4. Table of SDGs, Targets, and Indicators

SDGs Targets Indicators
SDG 13: Climate Action 13.2: Integrate climate change measures into national policies, strategies and planning. – Percentage change in pension fund returns under different climate scenarios.
– Level of investment in low-carbon vs. high-carbon assets.
SDG 8: Decent Work and Economic Growth 8.1: Sustain per capita economic growth. – Projected deviation of global GDP from baseline expectations (e.g., “10 per cent below current expectations”).

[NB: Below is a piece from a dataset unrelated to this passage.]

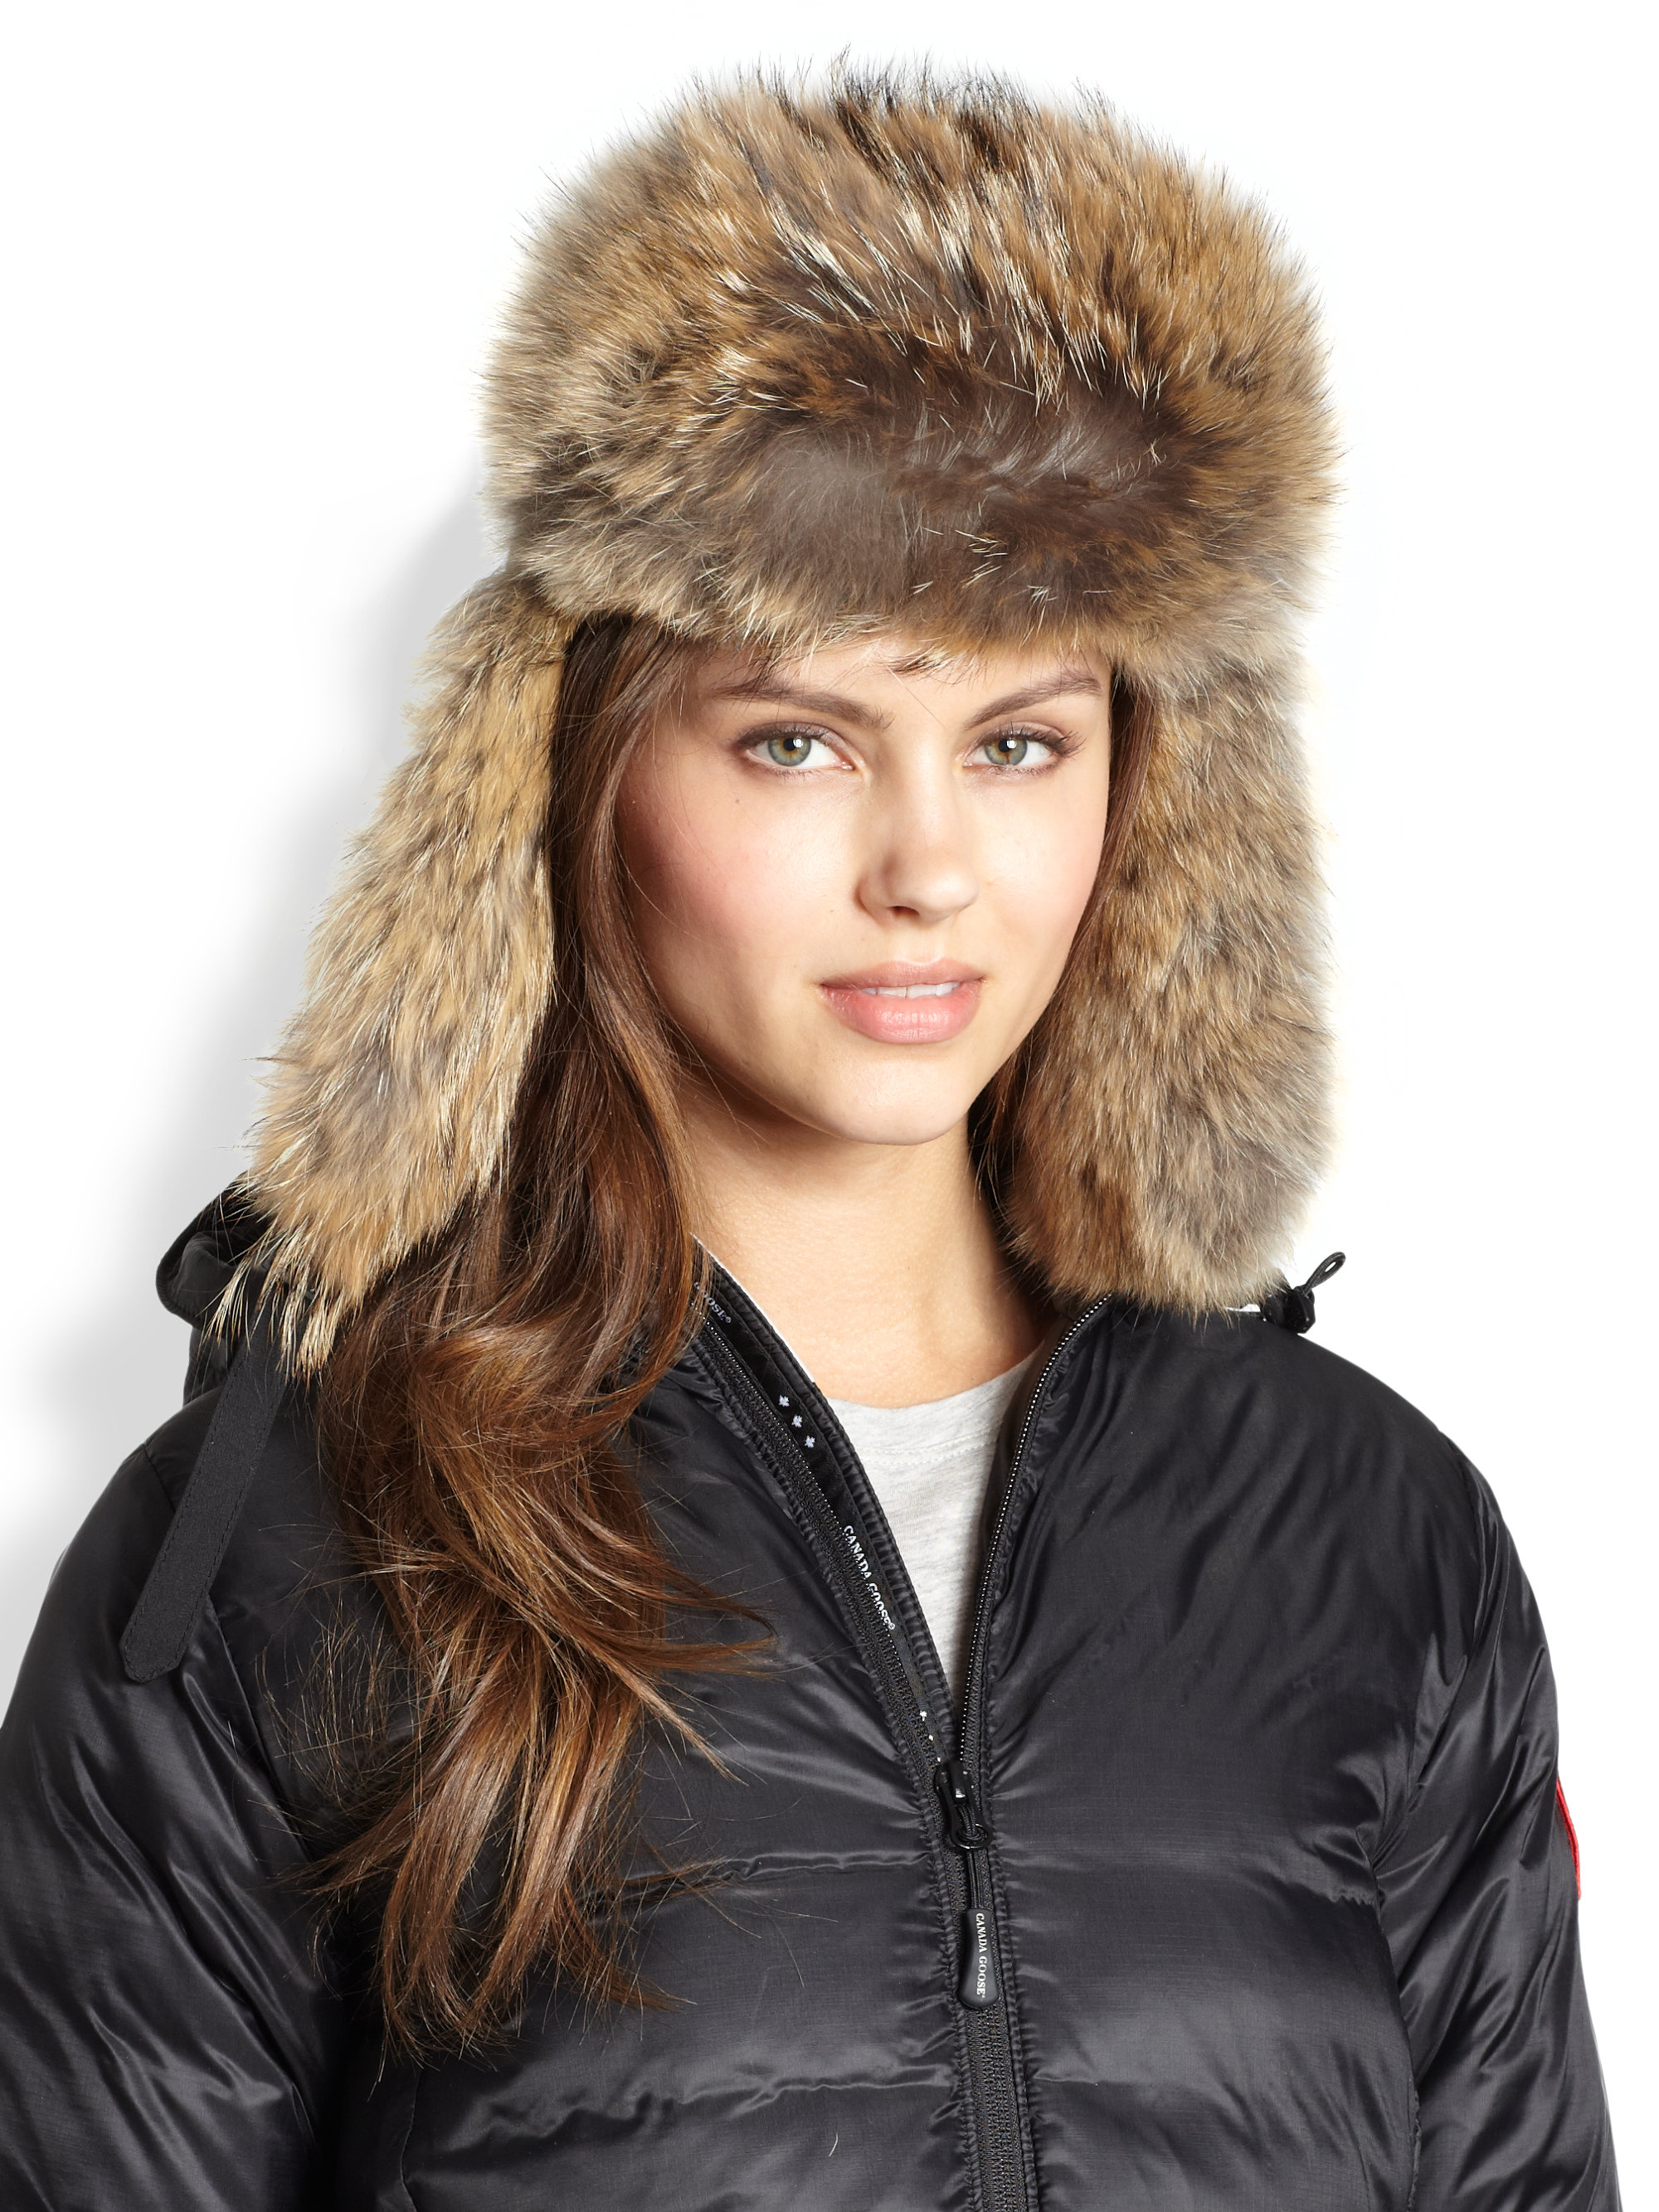 Lyst - Canada Goose Fur-Trimmed, Down Aviator Hat in Brown

– GDP growth rates in developed economies (e.g., risk of “stalling completely”).
SDG 1: No Poverty 1.3: Implement nationally appropriate social protection systems. – Impact on nominal and real pension fund portfolio returns (e.g., “wipe 33 per cent off”).
SDG 11: Sustainable Cities and Communities 11.b: Increase adoption of integrated policies for climate change mitigation, adaptation, and disaster risk reduction. – Projected underperformance of regional equity markets due to physical risk exposure (e.g., “41 per cent and 54 per cent” in high-risk regions).
SDG 17: Partnerships for the Goals 17.17: Encourage and promote effective public-private partnerships. – Level of collective action and influence by institutional investors in supporting the low-carbon transition.